Вспоминая сейчас ту ночь, скажу откровенно: мне хотелось выжать из себя и из взвода все совсем не для того, чтобы отличиться и доказать свою правоту (это, конечно, тоже было, но, уверяю вас, не на первом плане), а чтобы не подвести товарищей, командование, весь дивизион. Я хоть и стартовик, но я довольно наглядно представлял себе, что делается в эти минуты и в кабине КП, и на СНР, и на СРЦ. Я представлял, как трудно Сереже Моложаеву и его товарищам, — любая, самая мельчайшая их ошибка записывается спецаппаратурой, а время идет, идет, идет, и цели появляются одна за другой, прикрываясь помехами и маневрируя по скорости и высоте. Я видел офицера наведения, вцепившегося в штурвал перед светло-зеленым полем экрана — даже смахнуть пот и то нет времени, — надо подвести и взять цель в перекрестке визирных линий, индикаторов, видел стреляющего за его пультом; подполковника Мельникова — за выносным индикатором кругового обзора… И каждый из нас — каждый! — ощущал беспристрастно-беспощадного проверяющего, который уже не упустит ничего, засечет любой промах, любую ошибку… Почему мы их все-таки так боимся, этих проверяющих? Не только солдаты (солдаты, пожалуй, боятся меньше других), не только младшие офицеры, но и начальники постарше. Ведь после проверки практически всегда выясняется, что прибывшие товарищи, за редким исключением, объективны, непридирчивы, доброжелательны и всегда готовы помочь «исправить отмеченные недостатки». Случаи, когда «проверка на месте, а помощь — в приказе», почти себя изжили. А мы все равно боимся, и от слова «проверка», «проверяющий» некоторых из нас просто-напросто бросает в дрожь. И это в то время, когда мы, по сути дела, должны радоваться: ведь главная цель проверяющих — не испортить нам жизнь, а сделать нас лучше, чем мы на данный момент есть, сделать здоровее и крепче нашу службу. Не знаю, может быть, это сравнение и не очень удачно, но мы в таких случаях бываем похожи на тех, кто боится идти к зубному врачу.

Нас кормили хорошим завтраком, потом — обедом (привезли все горячее, в термосах) и во второй половине дня, когда стало опять темнеть, дали команду: «Отбой — поход!»

Расчеты начали приводить установки в походное положение.

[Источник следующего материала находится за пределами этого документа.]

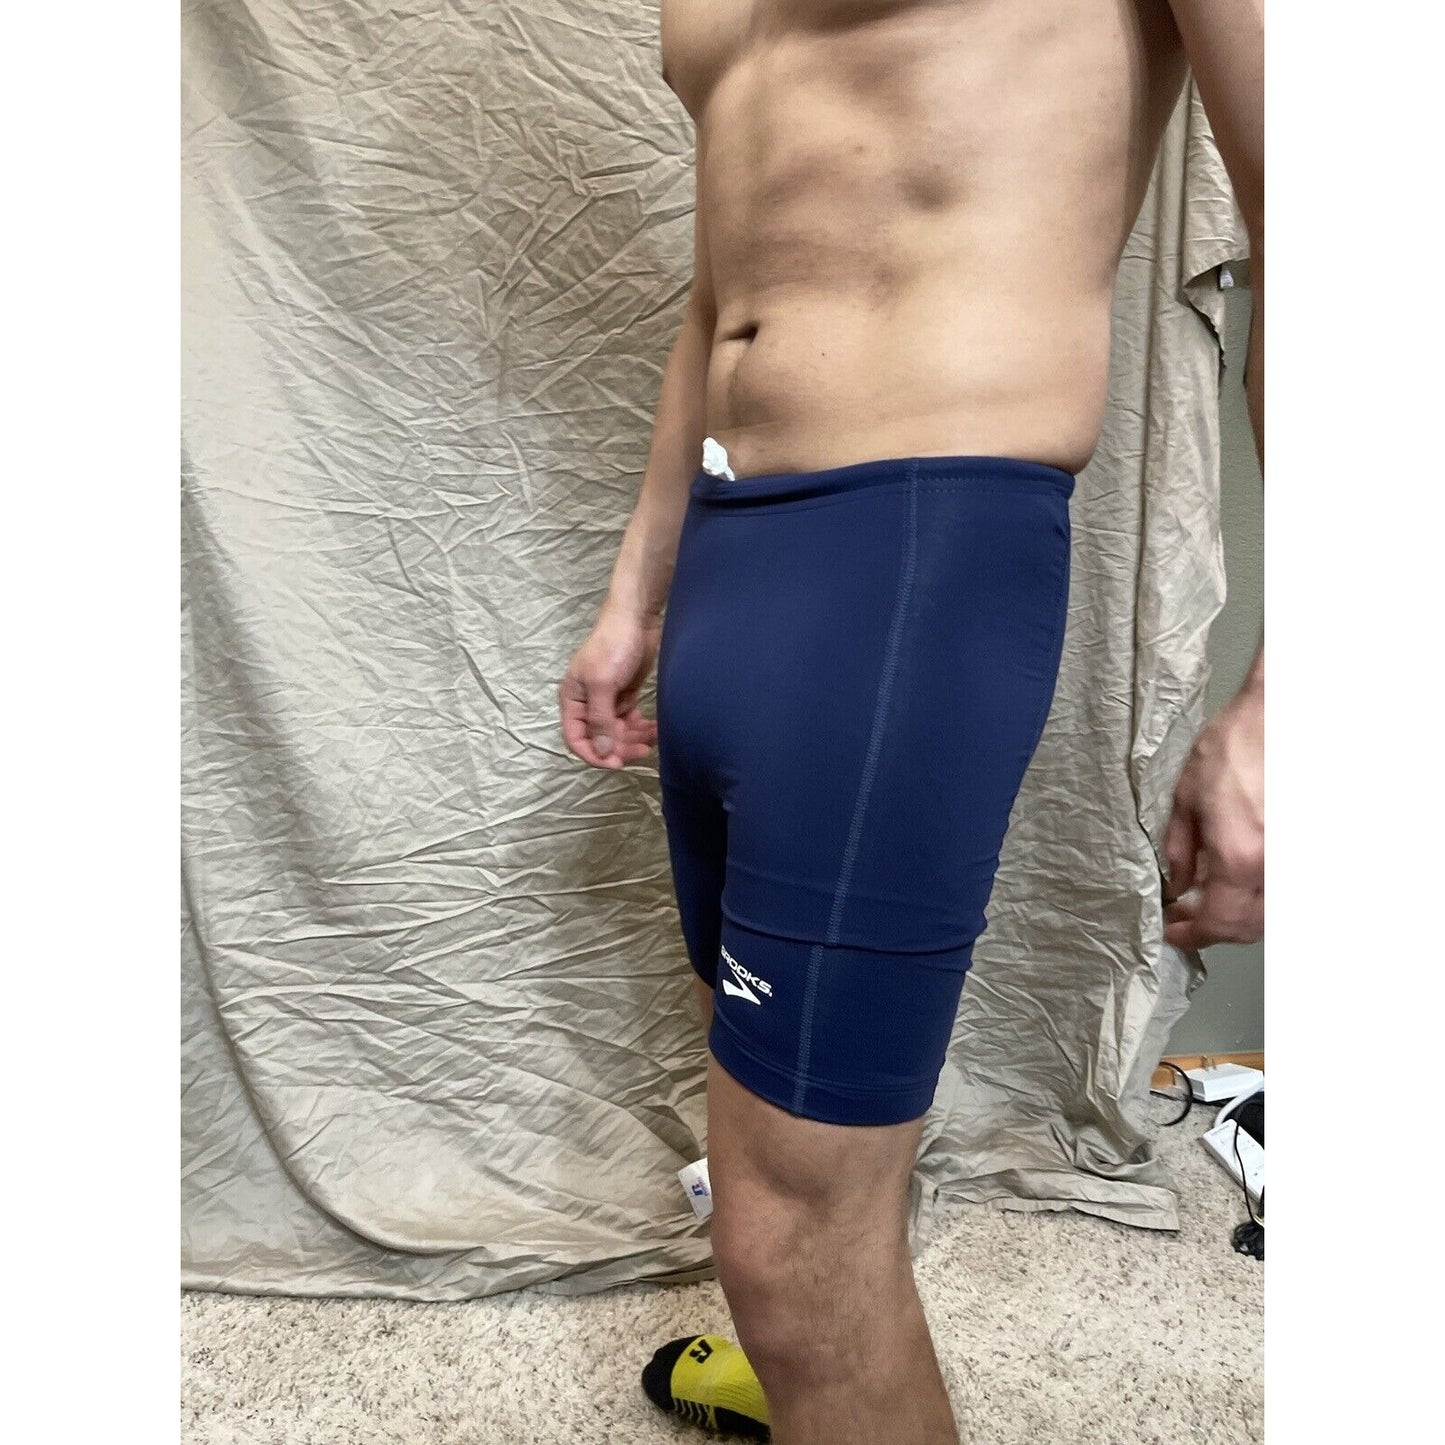 Men's brooks nylon spandex Navy Blue  small compression shorts

Ребята мои работали и радостно и яростно. Что ж, все было вполне понятно и объяснимо: по предварительным итогам, как сказал нам капитан Лялько, наша стартовая батарея получила отличную оценку и, говоря по секрету, кое-кому из наиболее отличившихся на этих учениях солдат и сержантов светил краткосрочный отпуск с поездкой домой — на десять дней, не считая дороги.

Виталий Броварич меня и удивлял и радовал. Ведь я же практически ничего для него не сделал. Может быть, дело было в том, что я разговаривал с ним не как с потенциальным нарушителем дисциплины и порядка, никогда не напоминал о том, что случилось, а когда он сам рассказал мне об этом — постарался понять его? Я заметил: человек становится совершенно другим, когда ты стараешься понять его.

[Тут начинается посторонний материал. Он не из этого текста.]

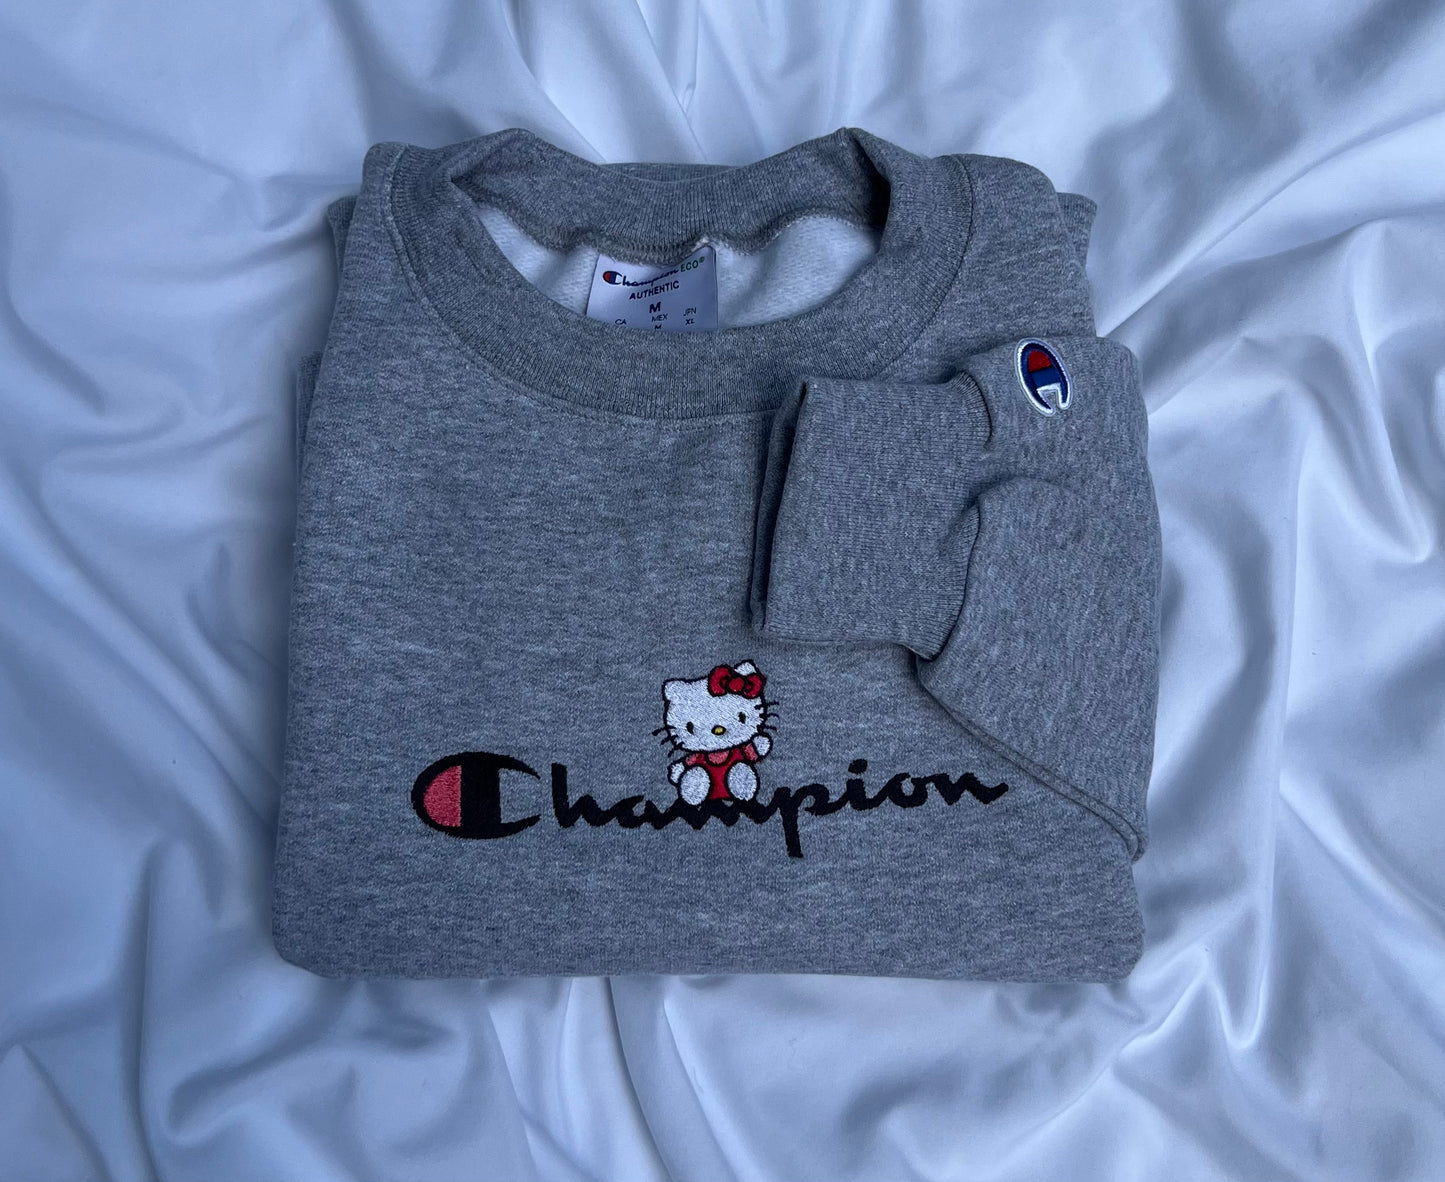 Kitty x Champion Embroidery Crewneck Sweatshirt

Все эти месяцы, недели, дни и особенно на боевом дежурстве, и вот сейчас, на выезде, немногословный Броварич работал действительно на совесть.

Я наблюдал, как мой взвод заканчивал положенные перед маршем работы, когда ко мне подошел лейтенант-инженер Зазимко.

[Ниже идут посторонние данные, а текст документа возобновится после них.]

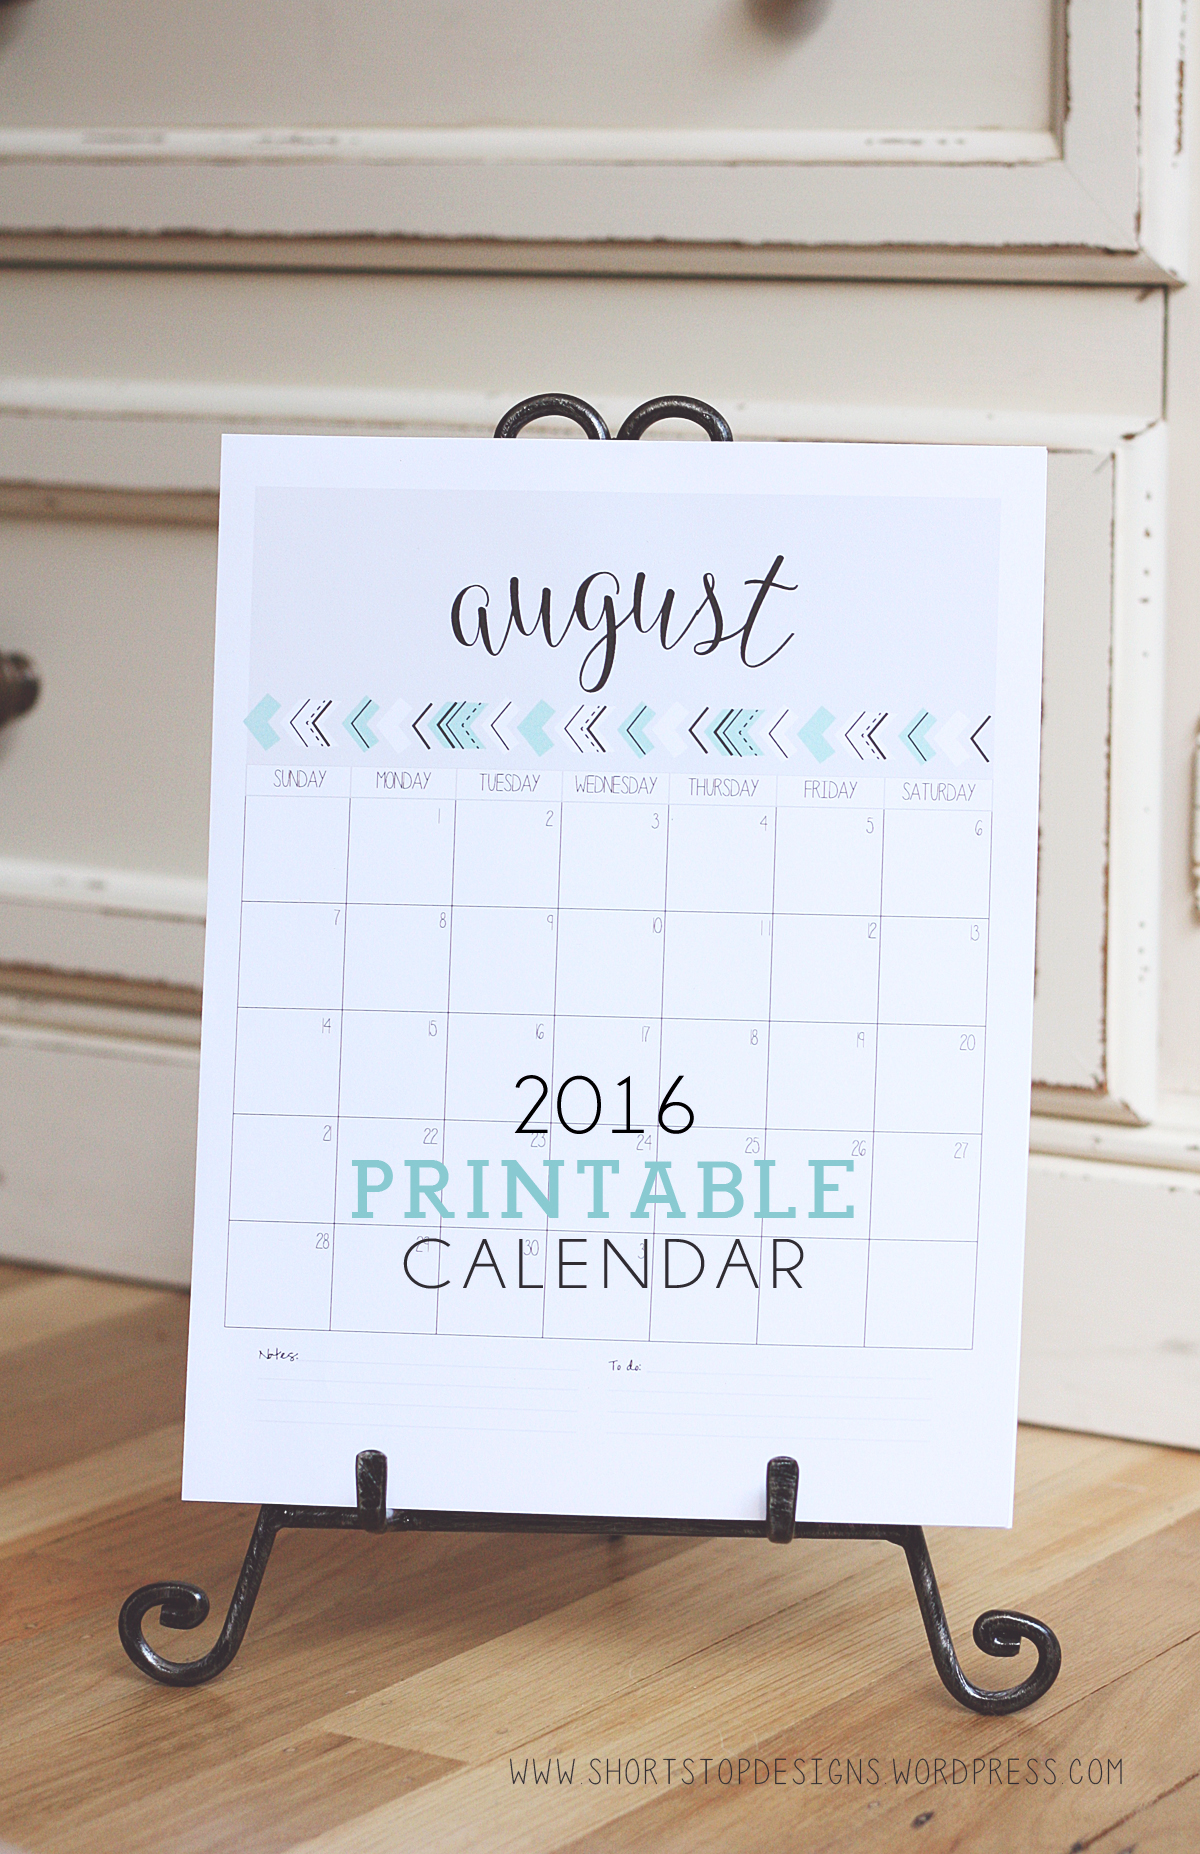 Glimlach Nadeel ik klaag 2016 Calendar Printable – Short Stop Designs

— Отбойчик? — спросил он, видно, только для того, чтобы как-то начать разговор.

— Закругляемся, — ответил я. — Отвоевались.

— Закругляемся, это точно. — Он помолчал. — Ты знаешь, Анечка моя… ну… я думал, что с ней плохо будет. Раньше, когда нас поднимали, вроде не так было. А на этот раз… Как будто настоящая война. Мне даже самому страшно стало… А она заплакала.

В лесу было сумеречно-сине, величаво и печально качались кедры, белесое снежное небо висело низко, и в этом неясном свете бледная улыбка Юрочки была трогательна и счастлива. Наверняка он не видел сейчас ни меня, ни леса, ни тягачей, которые вытягивались в колонну, — он был далеко отсюда, там, на нашей основной точке, в городке, и видел только свою милую Анечку, которая осталась дома, в тревоге, и теперь ждет его, ждет, ждет не дождется. А кто ждет меня? Никто. Может быть, так спокойней?